Tighter regulations will force Hong Kong's smaller care homes to close
Tighter regulations for private homes could see many close as renovation costs and land-use rules stop them complying with licence rules
More than 50 disabled people could find themselves without a home or adapting to life in a new hostel by mid-year as tough new care home regulations take hold.
And about one third of the city's 78 private care homes for the disabled could face closure in a year's time under new licensing rules, operators warned.
The latest government figures showed that more than 50 people living in eight private hostels were under immediate threat and would have to find new homes as their institutions had yet to apply for a licence that certified the homes met service and safety standards.
They had also not applied for a temporary exemption, as required by law, to continue their businesses after June 10.
Only eight private homes held licences as of April 1, although most of the rules had been in force since November 18, 2011. However, some had applied for exemptions.
The 18-month grace period, which allowed all private and subsidised hostels to apply for licences, ends on June 10, meaning that those without a licence or an exemption would have to shut down or face penalties.
The Social Welfare Department was processing applications for either a licence or an exemption from 34 of the city's 316 government-subvented and private care homes.
"At least one-third [of private homes] might close down [when their temporary exemptions expire]," said Joe Li Wing-yiu, chairman of the Private Hostel for Rehabilitation Association. "It is a very conservative estimate … Small hostels have already found it hard to survive."
About half of the private homes had fewer than 40 clients, said Li, whose group represents some 80 per cent of the private homes.

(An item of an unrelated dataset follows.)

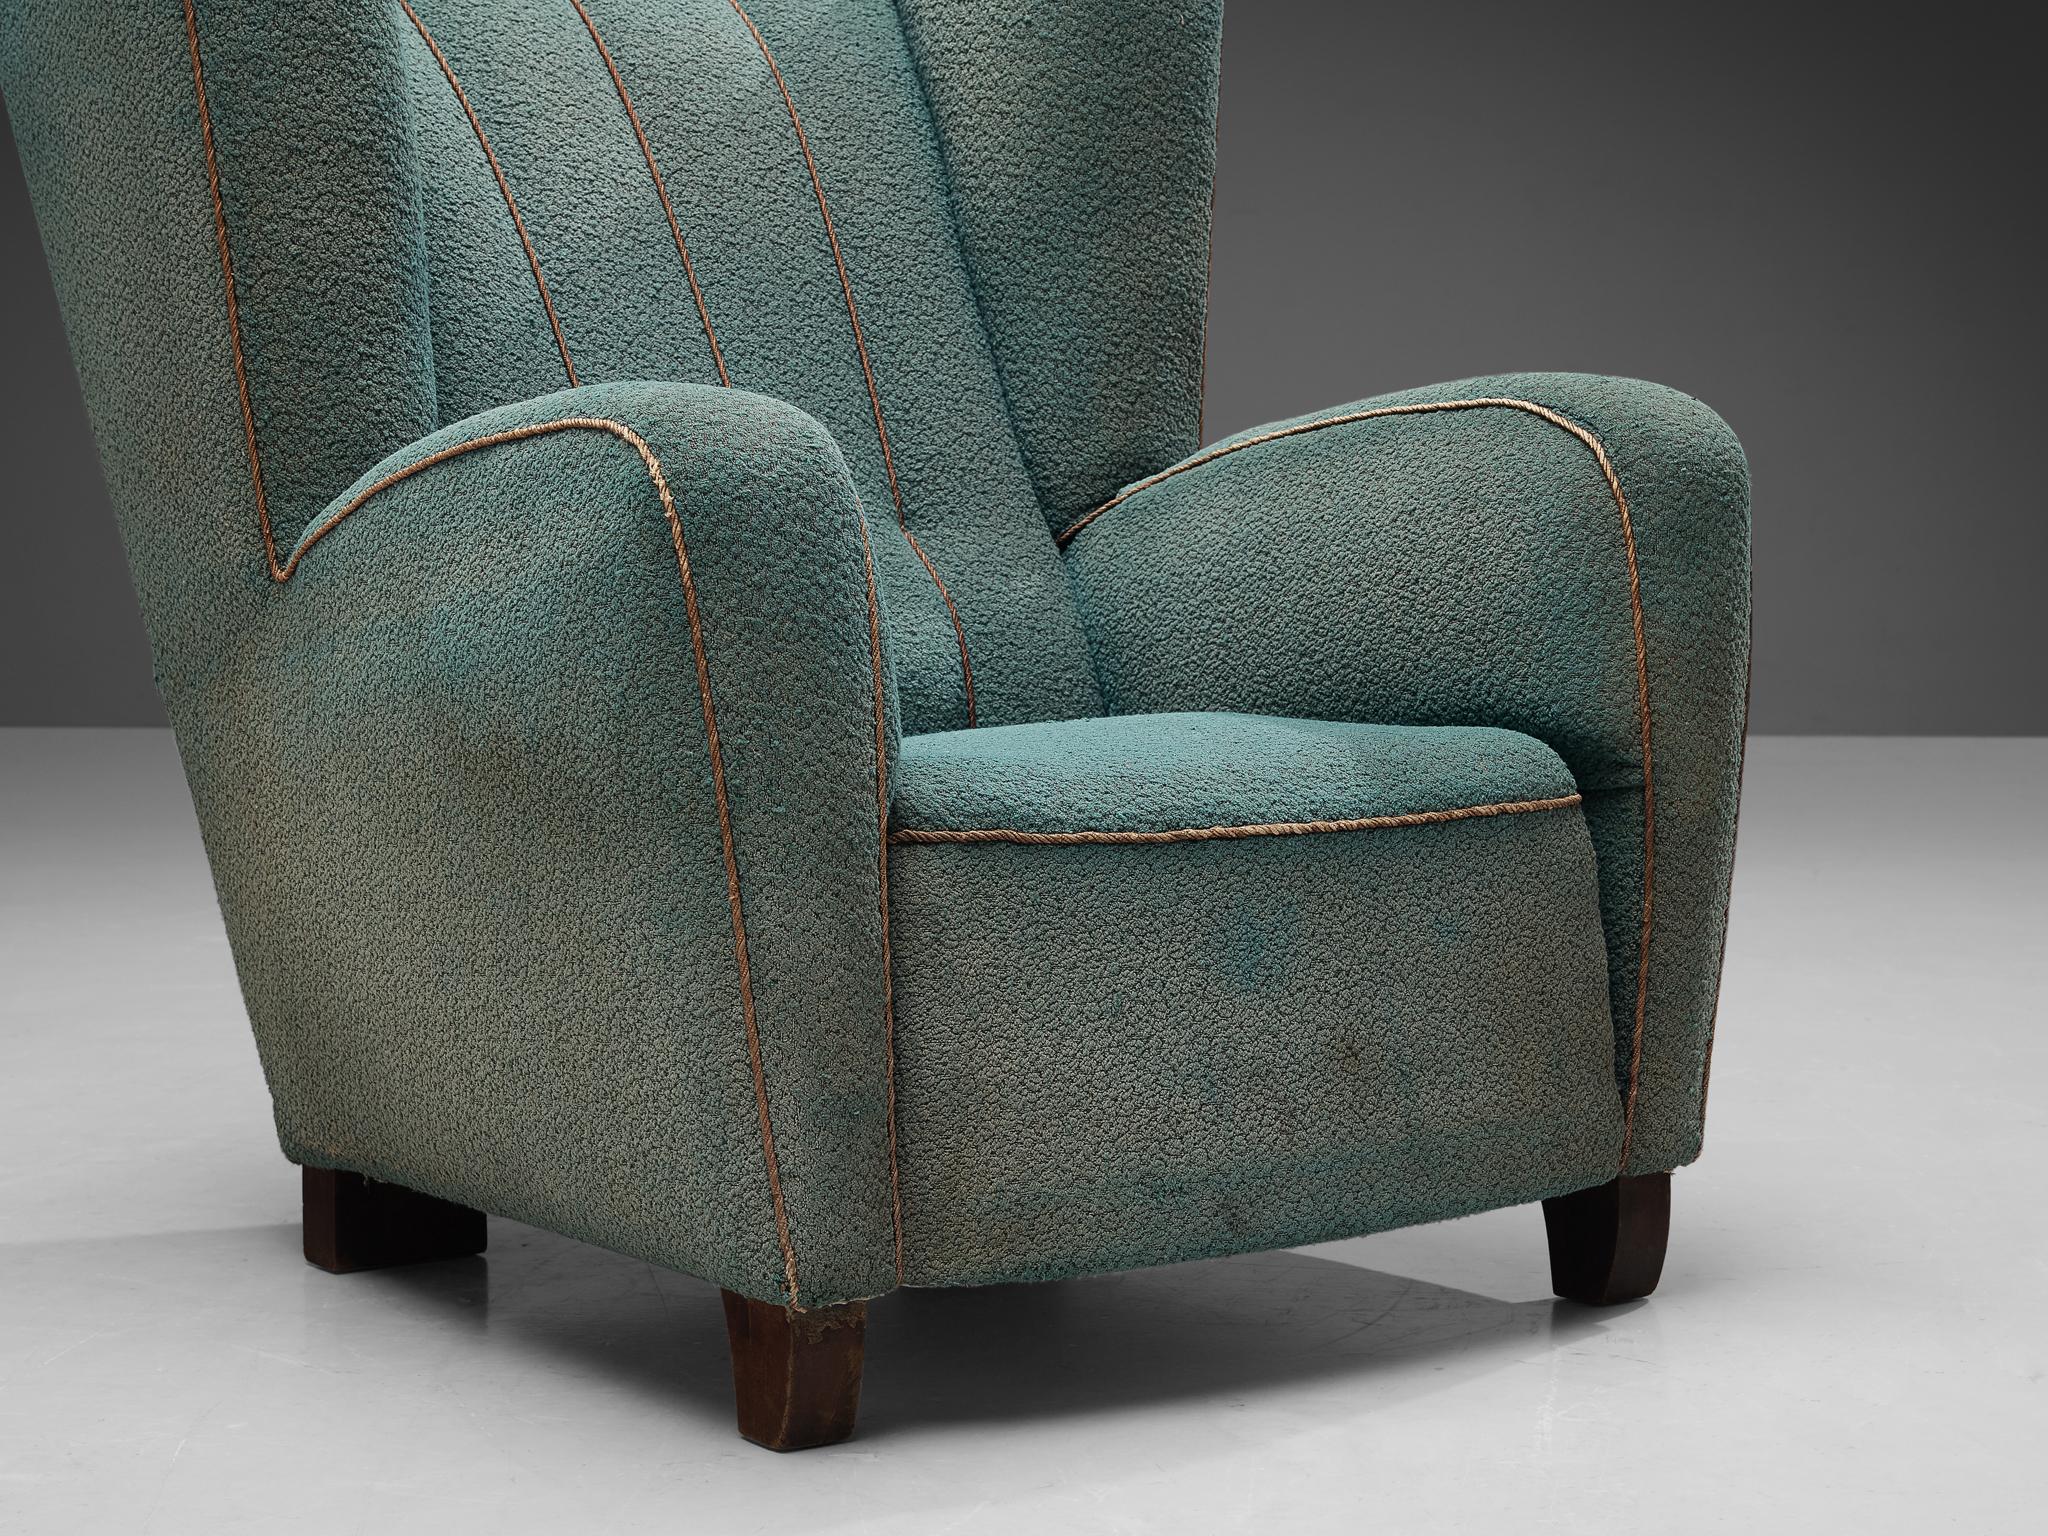 Fabric Scandinavian Wingback Chair in Ocean Blue Upholstery For Sale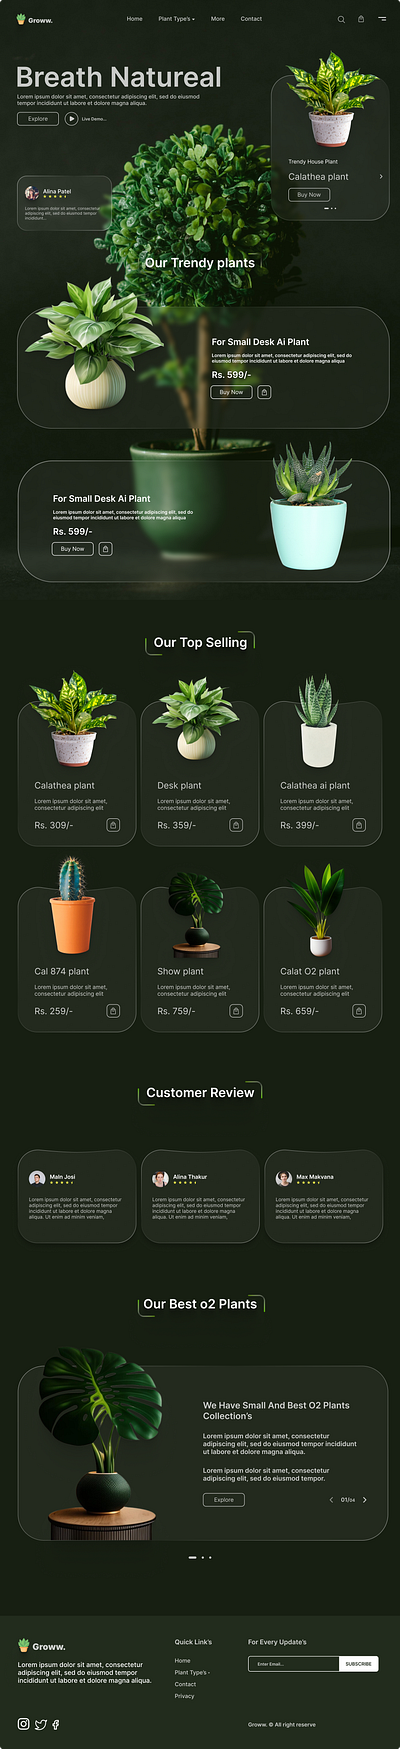 Groww. - An E-commerce website for plants with green theme 3d animation customer reviews e commerce ecommerce website figma figma design green theme groww landing page nature online store plants product listing ui uiux web design

Commissioner for Rehabilitation Stephen Sui Wai-keung said exemptions generally lasted 12 to 18 months. Sui told lawmakers on Tuesday that the Social Welfare Department would see whether the homes were taking concrete action to comply with the licensing rules when considering exemption renewals.
He added that, as far as they knew, the operators of the hostels that had yet to apply to continue business had already planned to relocate their residents to other private homes.
Li attributed the threat of closure to the licensing rules requiring operators to ensure their land use was in line with the land lease conditions and zoning plans, and the fact premises had to meet legal standards on design, fire safety, building and floor space for each resident.
"Such renovations will incur huge costs," he said. "But private homes can hardly expect a good return from their investments as it is unlikely they will be able to raise residence fees.
"Many of the residents have no ability to work and live on welfare."
Li said more than 90 per cent of residents in private homes relied on Comprehensive Social Security Assistance payments.
Council for Social Service rehabilitation service chief officer Eddie Suen Kwok-tung said upgrading facilities would be tough for many of the smaller private homes, with lack of space being one of the biggest obstacles.
"It's true that a lot of [care homes] are behind, especially in their facilities, as many were established many years ago," he said. It was understandable that private homes needed to be regulated for the sake of users, he said, but he also criticised the government for allowing the wait for places in subvented care homes to have got so out of hand.
A spokesman for the Social Welfare Department said with HK$39 million funding from the Lotteries Fund, the department would subsidise the work needed on private homes, capped at 60 per cent of the costs.
Two applications had been received and were being processed. Similar subsidies were also offered to subvented and self-financing care homes.